The cheapest way to deploy a worry-free Upterm server (a.k.a. uptermd) is to use Heroku. Heroku offers free Dyno hours which should be sufficient for most casual uses.

You can deploy with one click of the following button:

Deploy

You can also automate the deployment with Heroku Terraform. The Heroku Terraform scripts are in the terraform/heroku folder. A util script is provided for your convenience to automate everything:

$ git clone https://github.com/owenthereal/upterm
$ cd upterm

Provision uptermd in Heroku Common Runtime. Follow instructions.

$ bin/heroku-install

Provision uptermd in Heroku Private Spaces. Follow instructions.
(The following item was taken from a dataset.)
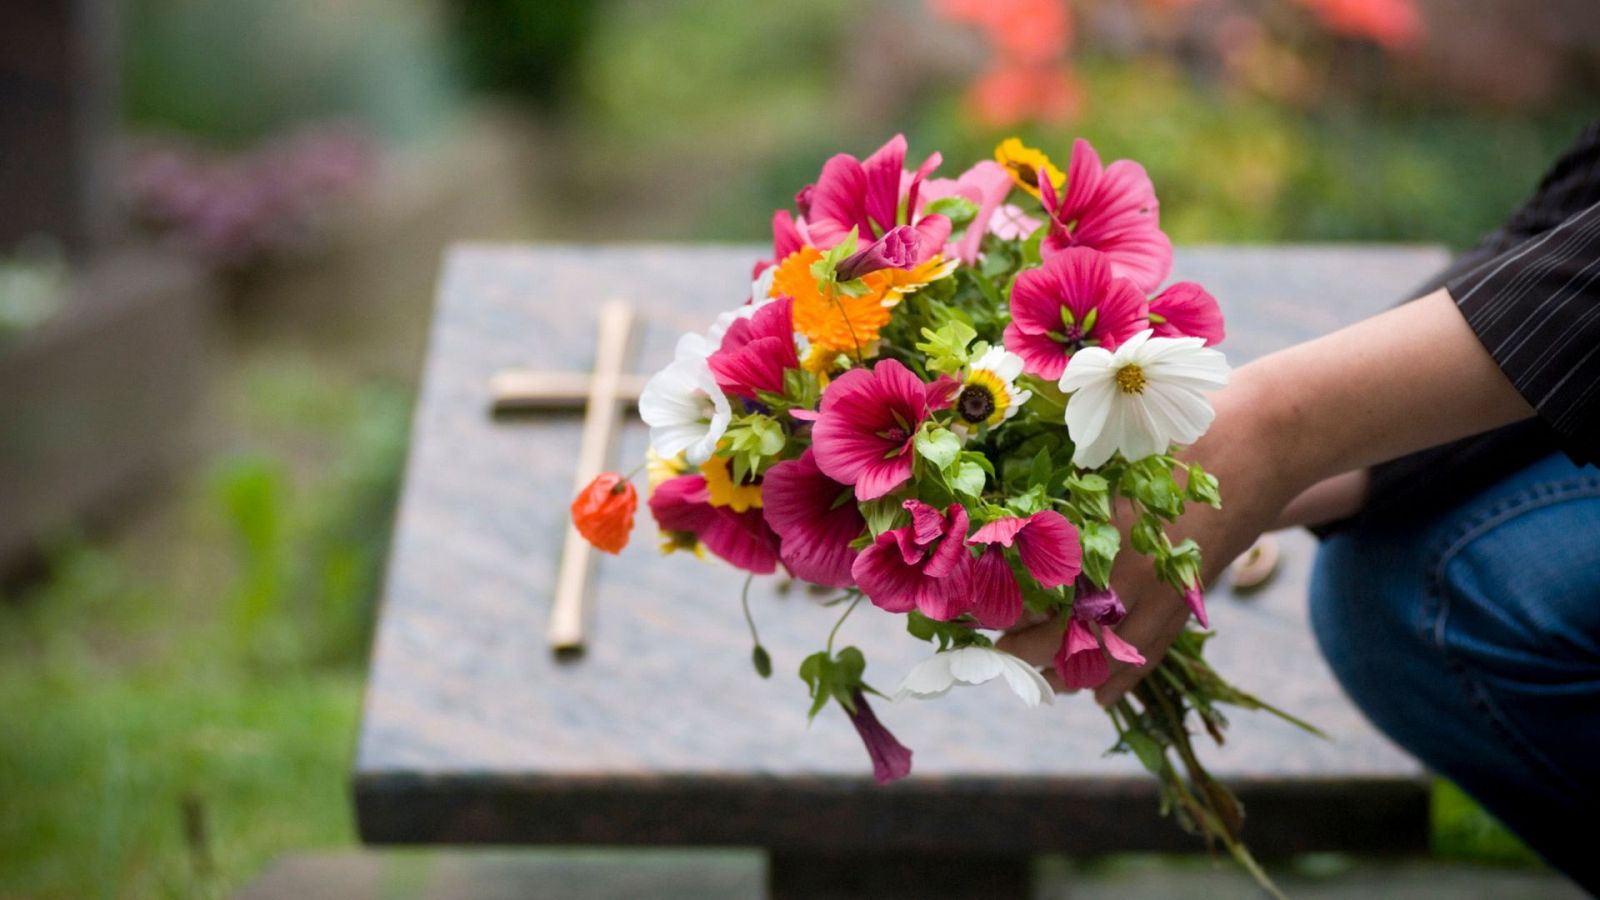 Visita al cementerio: el precio de los ramos de flores "igual al año pasado" pero "más pequeños" - Ver ahora
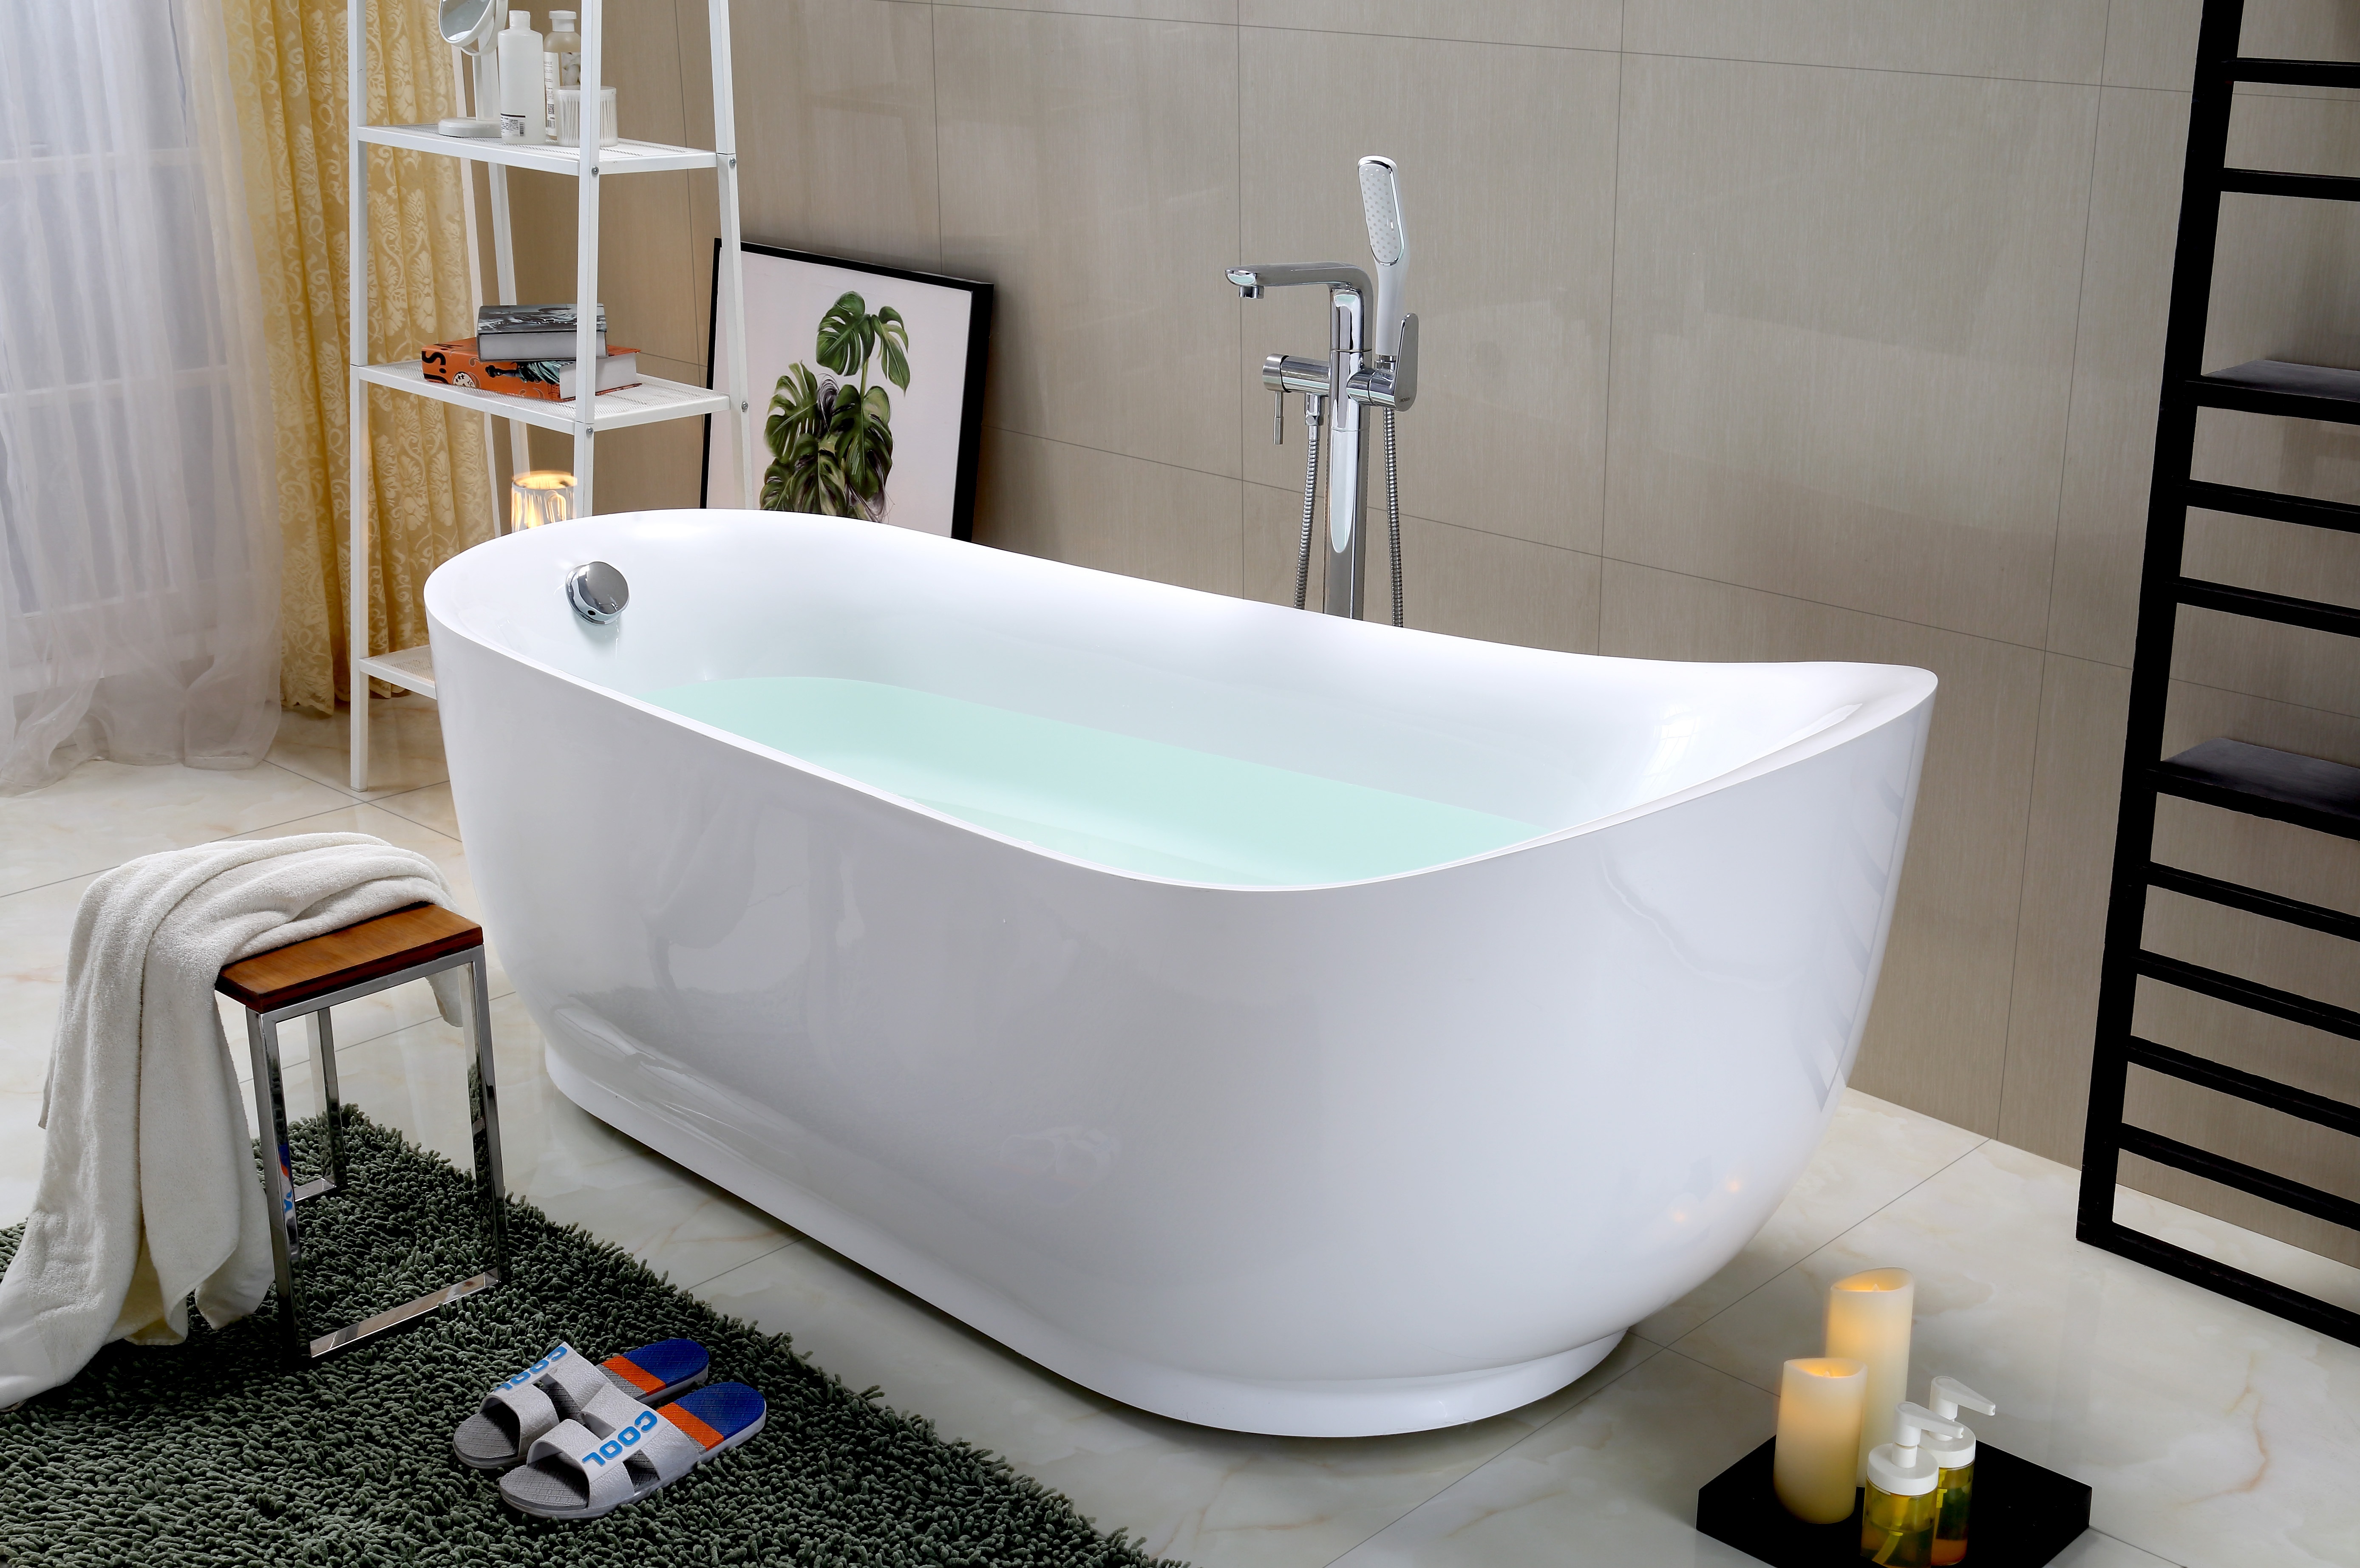 欧式亚克力浴缸卫浴厂家直销新款独立浴缸欧式亚克力浴缸家居SPA双人浴盆

$ TF_VAR_heroku_region=REGION TF_VAR_heroku_space=SPACE_NAME TF_VAR_heroku_team=TEAM_NAME bin/heroku-install

You must use WebScoket as the protocol for a Heroku-deployed Uptermd server because the platform only support HTTP/HTTPS routing. This is how you host a session and join a session:

Use the Heroku-deployed Uptermd server via WebSocket

$ upterm host --server wss://YOUR_HEROKU_APP_URL -- YOUR_COMMAND

A client connects to the host session via WebSocket

$ ssh -o ProxyCommand='upterm proxy wss://TOKEN@YOUR_HEROKU_APP_URL' TOKEN@YOUR_HEROKU_APP_URL:443
Digital Ocean

There is an util script that makes provisioning Digital Ocean Kubernetes and an Upterm server easier:

TF_VAR_do_token=$DO_PAT \
TF_VAR_uptermd_host=uptermd.upterm.dev \
TF_VAR_uptermd_acme_email=YOUR_EMAIL \
TF_VAR_uptermd_helm_repo=http://localhost:8080 \
TF_VAR_uptermd_host_keys_dir=PATH_TO_HOST_KEYS \
bin/do-install
Systemd

A hardened systemd service is provided in systemd/uptermd.service. You can use it to easily run a secured uptermd on your machine:

$ cp systemd/uptermd.service /etc/systemd/system/uptermd.service
$ systemctl daemon-reload
$ systemctl start uptermd

How is Upterm compared to prior arts?

Upterm is an alternative to Tmate.

Tmate is a fork of an older version of Tmux. It adds terminal sharing capability on top of Tmux 2.x. Tmate doesn't intend to catch up with the latest Tmux, so any Tmate & Tmux users must maintain two versions of the configuration. For example, you must bind the same keys twice with a condition.

Upterm is designed from the group up not to be a fork of anything. It builds around the concept of linking the input & output of any shell command between a host and its clients. As you see above, you can share any command besides tmux. This opens up a door for securely sharing a terminal session using containers.

Upterm is written in Go. It is more friendly hackable than Tmate that is written in C because Tmux is C. The Upterm CLI and server (uptermd) are compiled into a single binary. You can quickly spawn up your pairing server in any cloud environment with zero dependencies.